- Developer(s): Genki (PS2) From Software (PSP)
- Publisher(s): Genki (PS2) From Software (PSP)
- Platform(s): PlayStation 2 PlayStation Portable
- Release: PlayStation 2 JP: January 20, 2005; PSP JP: December 10, 2009;
- Genre(s): Action
- Mode(s): Single-player

= Fu-un Bakumatsu-den =

2005 video game

Fu-un Bakumatsu-den (風雲 幕末伝) is a Japanese PlayStation 2 game made in 2005 by Genki Co. as a follow-up to Fu-un Shinsengumi. In 2009, it was remade for the PlayStation Portable as Fu-un Shinsengumi -Bakumatsu-den- Portable (風雲 新撰組‐幕末伝‐portable) by From Software.

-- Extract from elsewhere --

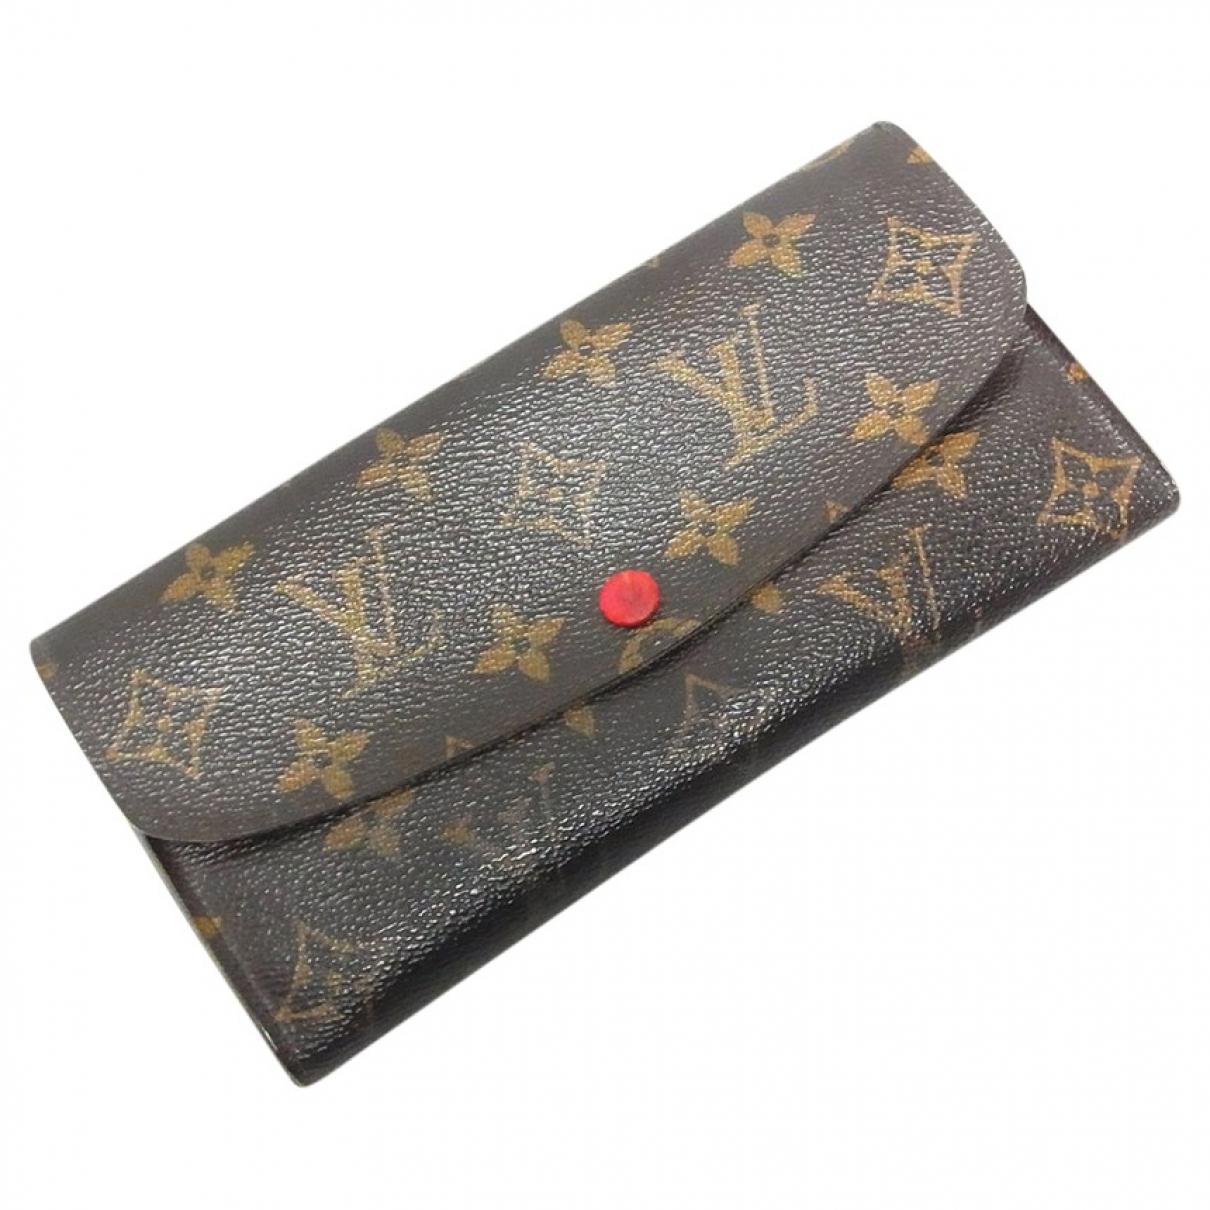 Louis Vuitton - Portefeuille Emilie pour femme en toile - marron

As in the previous game, the player takes the role of a member of the Shinsengumi militia force.

== Voice actors ==
- Daisuke Ono as Sakamoto Ryōma
- Yui Sakakibara as Ikumatsu

== Development==
Yoji Shinkawa worked on the game by doing the artwork after his previous role as artist in Fu-un Shinsengumi.

The game was released in Korean by Mega Enterprise on May 5, 2005 with pre-orders in South Korea done between April 22 to May 1 with the first 500 pre-orders being awarded with the game OST.